Using planning and design charrettes and community-led field stations we propose to expand and experiment with persistent restoration activity to protect and restore biodiversity at sites over time–a capability critically lacking in our industry.
This proposal expands on three years of development and two years of practice in the Skykomish valley on Tulalip Lands with NOAA funds. Under this award we will stabilize and build out the Skykomish model, moving towards complete reliance on a cohort of local private site stewards. We will replicate this tested model in South Puget Sound on an Incubator Site in the Lower Deschutes River in Thurston County. In addition we will host planning charrettes to define focus areas in the Chimacum Valley in Jefferson County and the Skookum Valley in Mason County. In each case, while we monitor, restore, and maintain acres, completing tasks and providing deliverables, our goal is to create the enabling conditions for culturally-motivated tending of riverscapes that creates household value, and can scale independently of agency staffing.
To support this expansion we will establish an interdisciplinary design team capable of integrating restoration, forestry, ethnobotany, agroforestry, and traditional practices required for long-term riverscape management in a modern regulatory and ownership regime.
Our consortium of regional and local partners will expand a regional model for biocultural restoration. This will include long-term management strategies, tools and capabilities that empower communities to tend their own riparian zone.
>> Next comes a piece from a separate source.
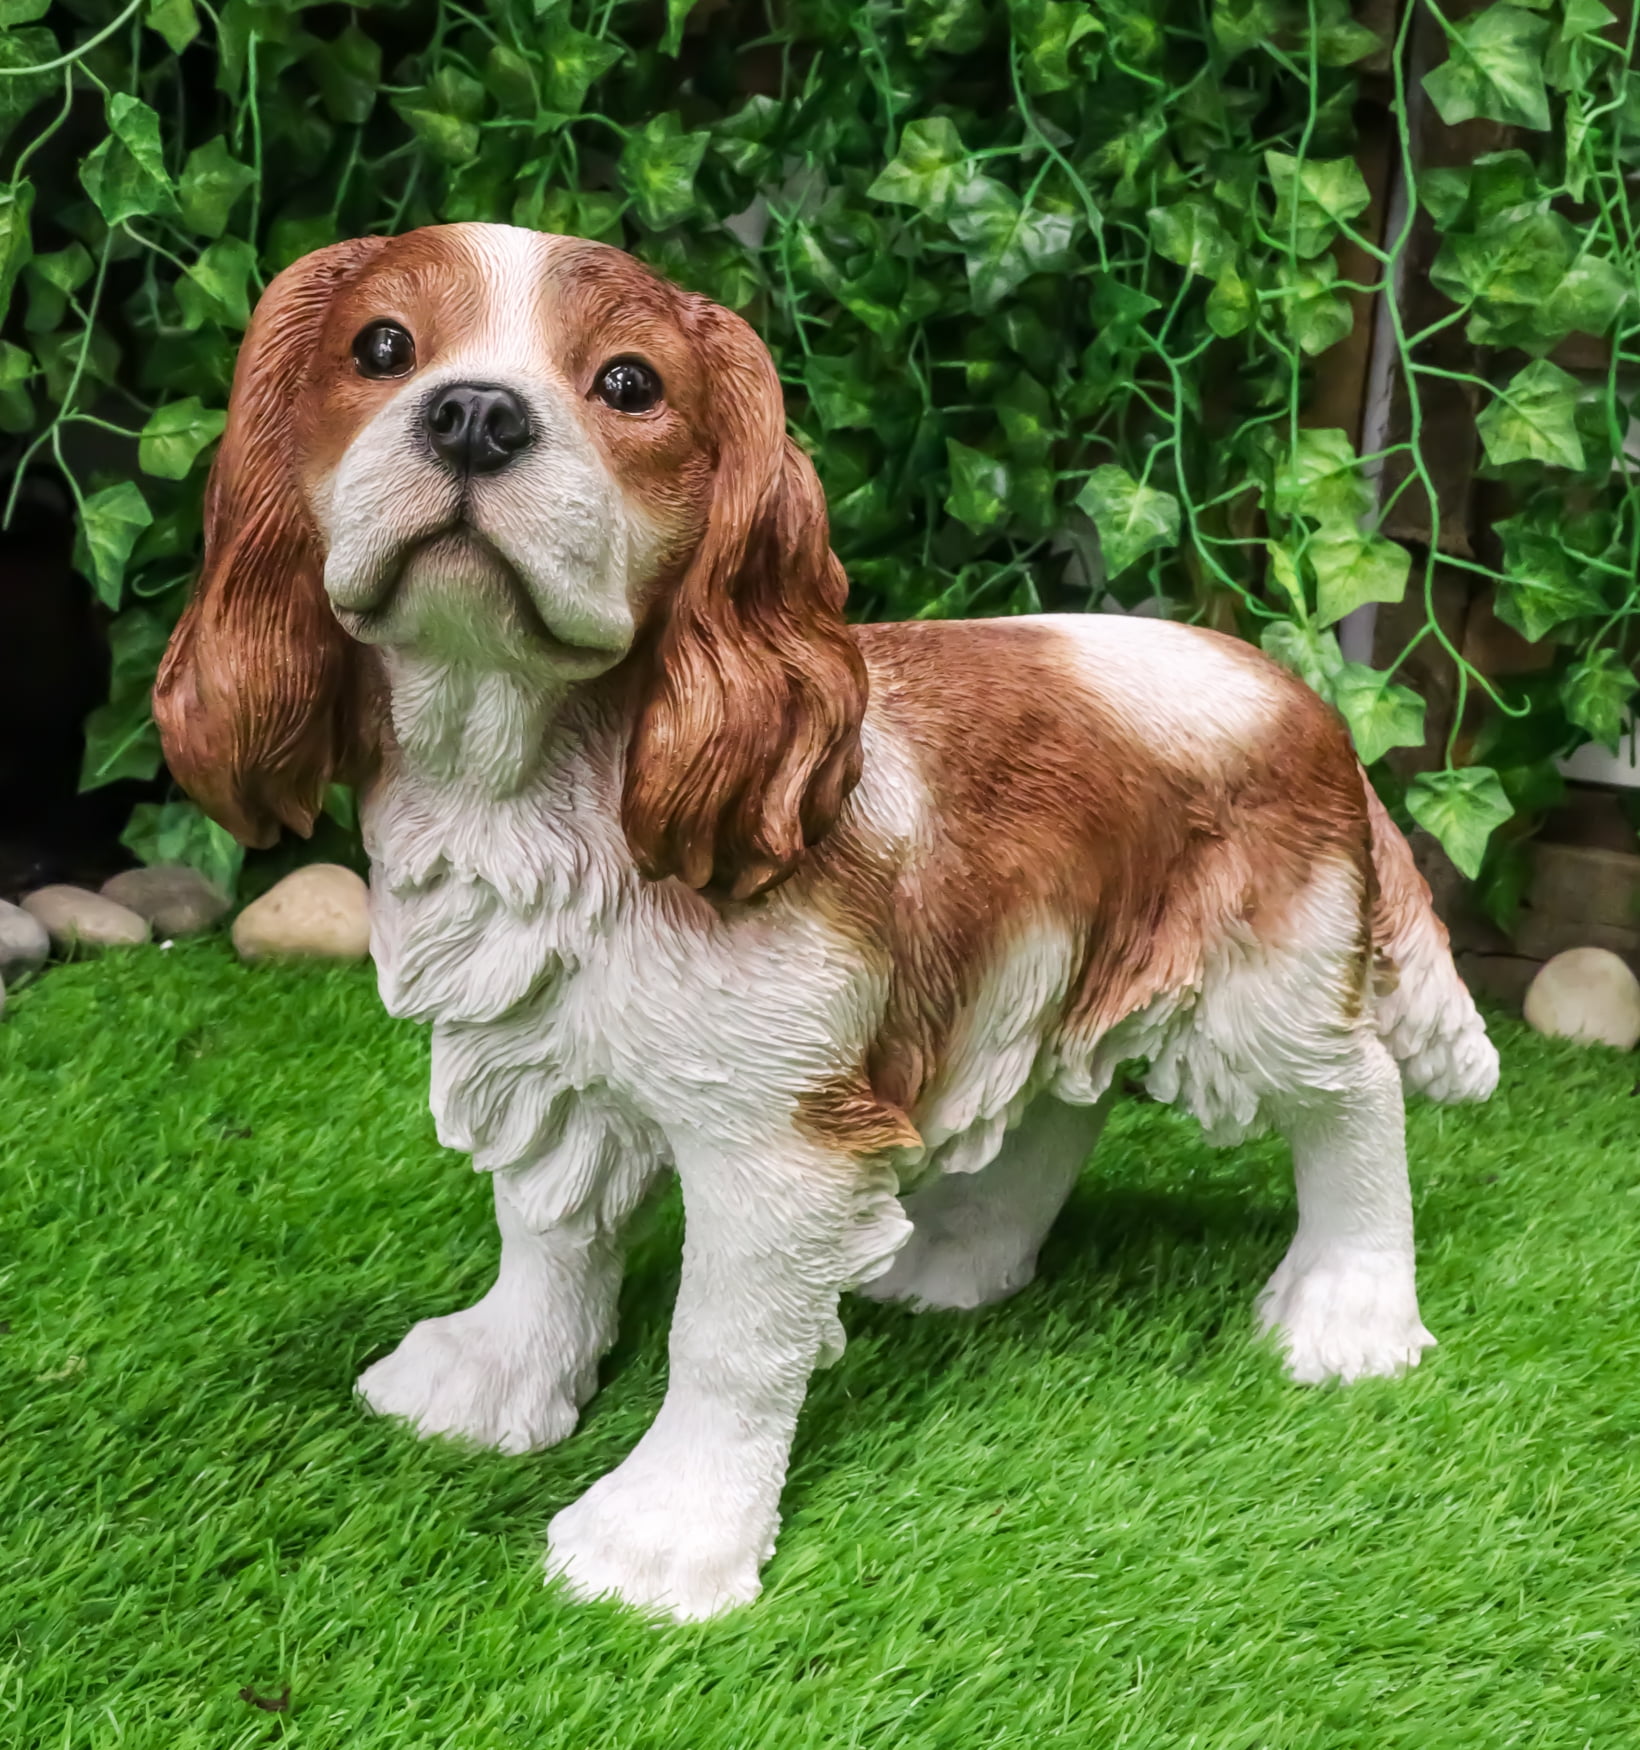 Life Like Figurine Statue Home/ Garden NEW Sitting KING CHARLES Puppy Dog 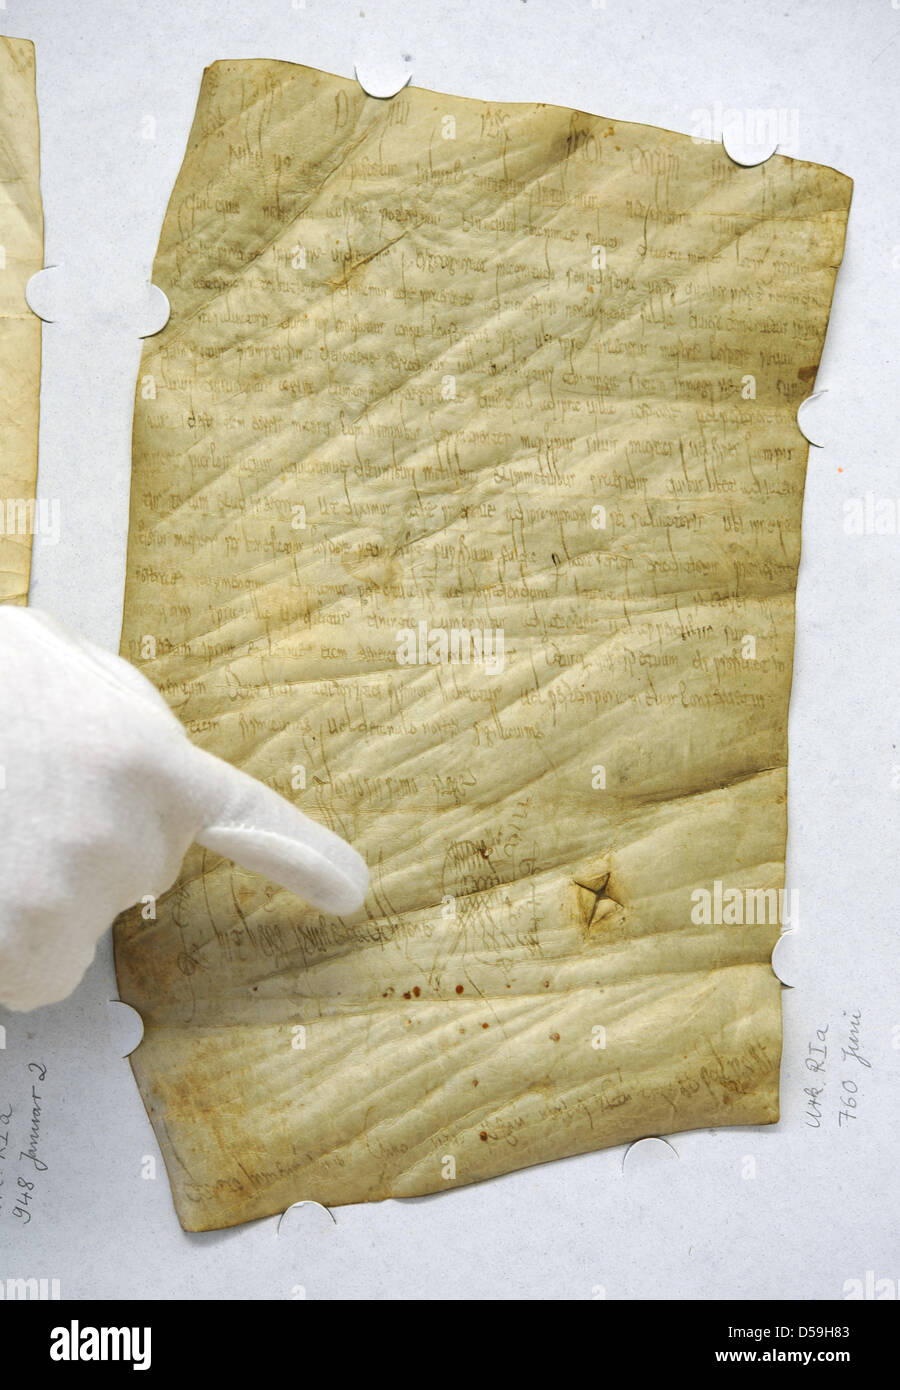 A hand points on the eldest preserved document issued by a knig in Marburg, Germany, 23 June 2010. The pergament was issued in 1250 AD by Carolingian King Pippn III, father of Charlemagne. In the document, Pippin III donates a large amount to the cloister of Fulda. Photo: Uwe Zucchi Stock Photo

This “slow restoration” approach will operate in close coordination with our existing crew-based “fast restoration” system, to:
- Increase community value creation in riverscapes while protecting and restoring riparian biodiversity,
- Use community labor and interest to augment government-funded crews,
- Produce and harvest products in riverscapes that support and enhance restoration and household economies,
- Increase tribal traditional gathering opportunities consistent with treaty rights and salmon recovery planning,
- Attract disinterested landowners to attractive regenerative riverscape models, and
- Build toward the “boots on the ground” necessary to implement real adaptation and resilience efforts at landscape scales under climate change.